Problem details → Leaving the pictures aside, repeat each line below exactly.

Collected data →

------------------------------------------------

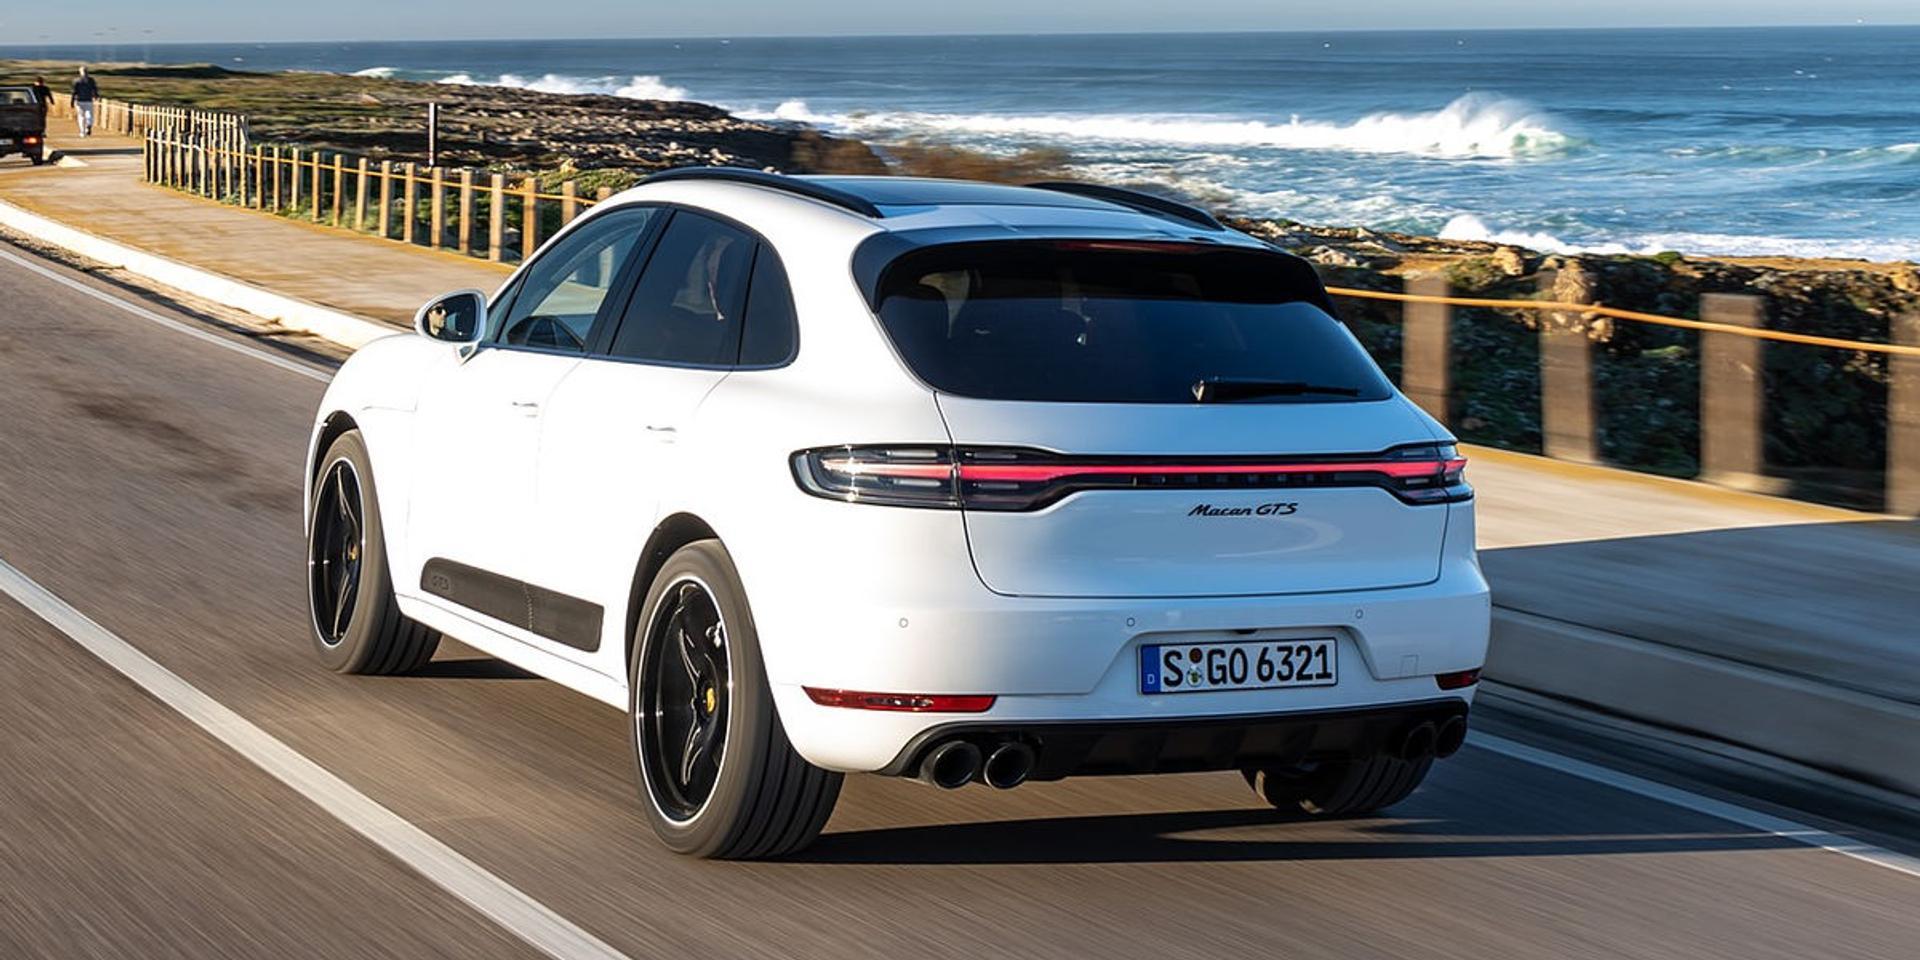 Porsche Macan rear view
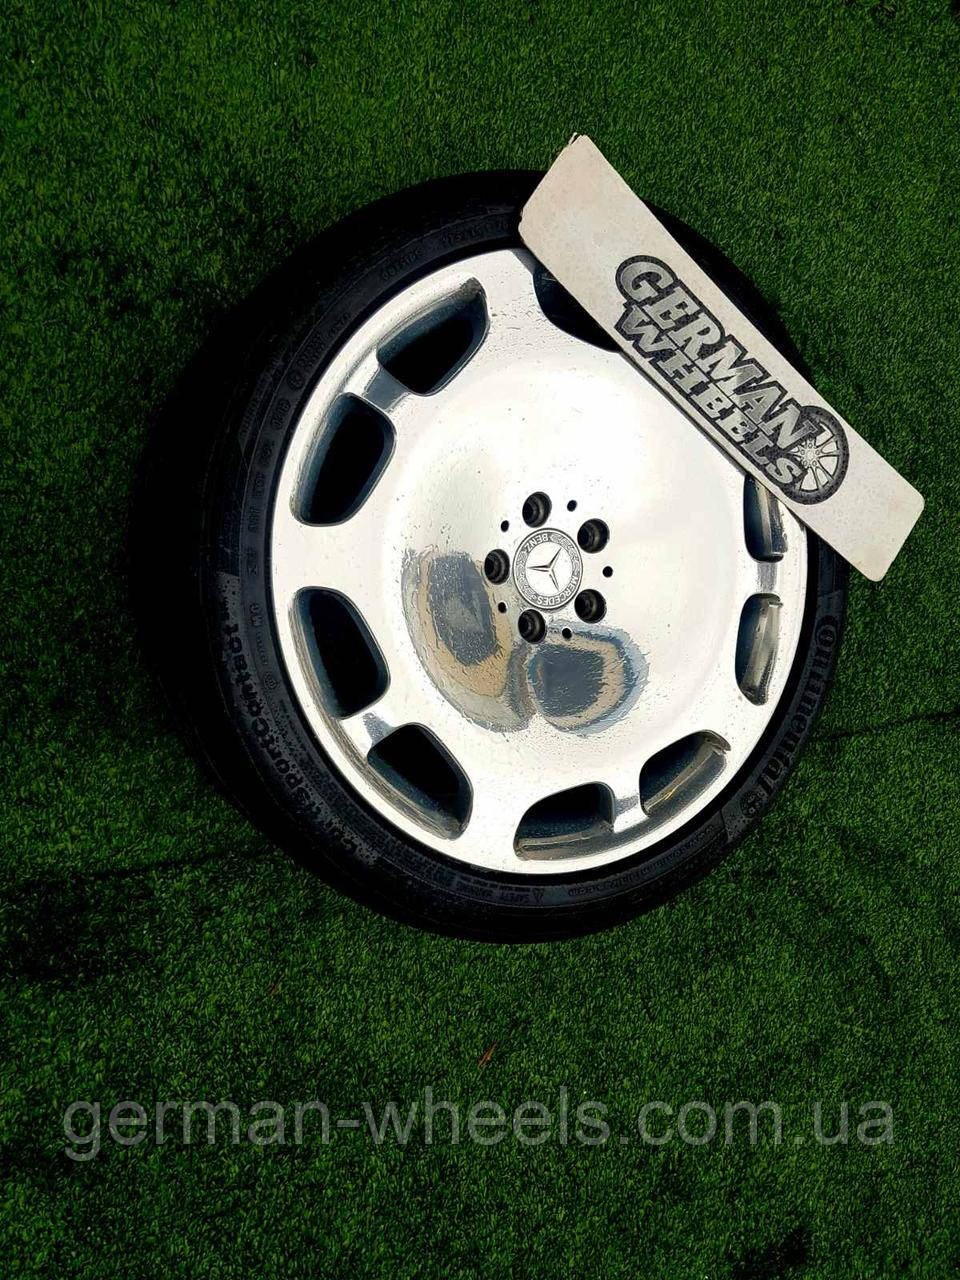 Оригинальные кованые диски R20 Mercedes Maybach W222
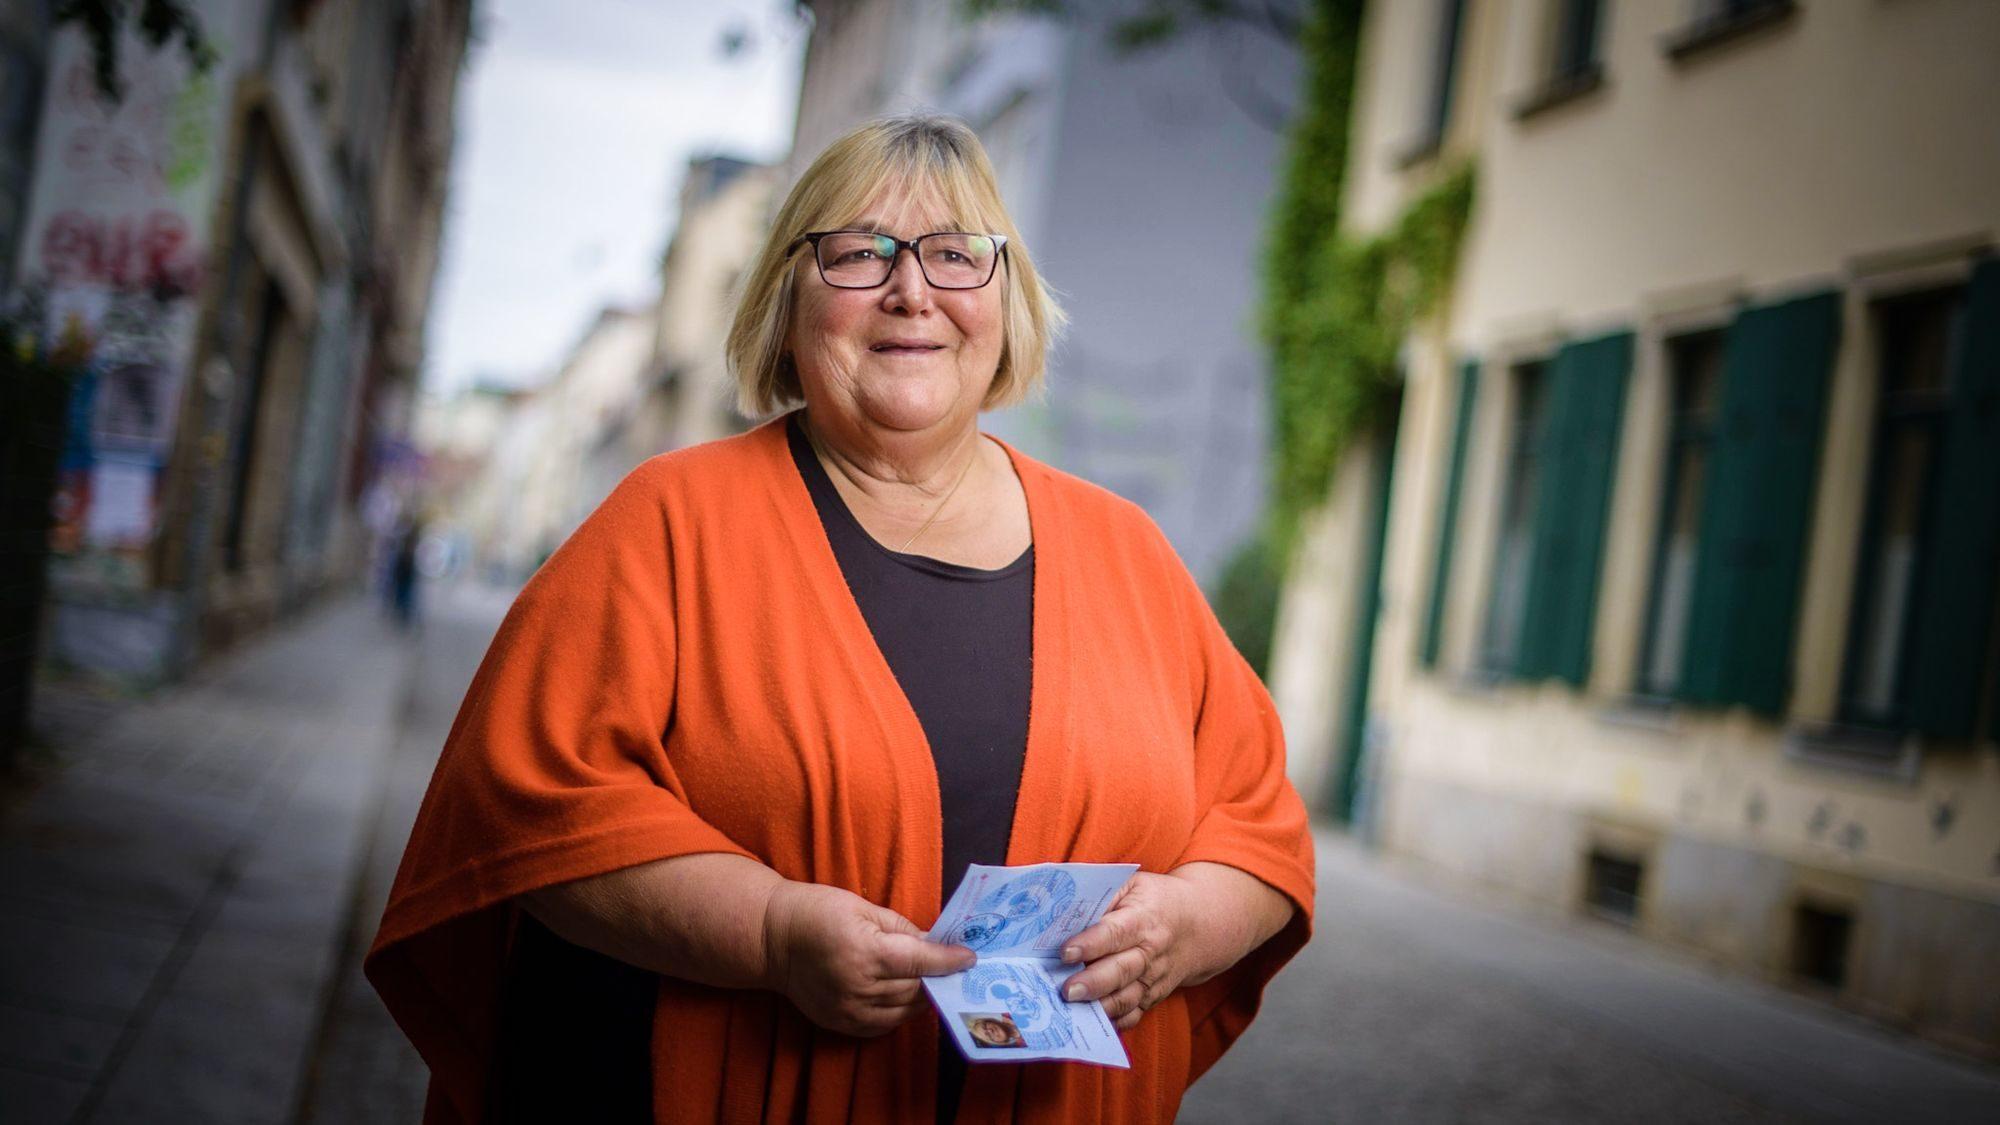 Friederike Beier auf der Böhmischen Straße - kurz vor ihrem Auszug aus der Neustadt - Foto: André Wirsig

------------------------------------------------

Exercise output →
 Porsche Macan rear view
 Оригинальные кованые диски R20 Mercedes Maybach W222
 Friederike Beier auf der Böhmischen Straße - kurz vor ihrem Auszug aus der Neustadt - Foto: André Wirsig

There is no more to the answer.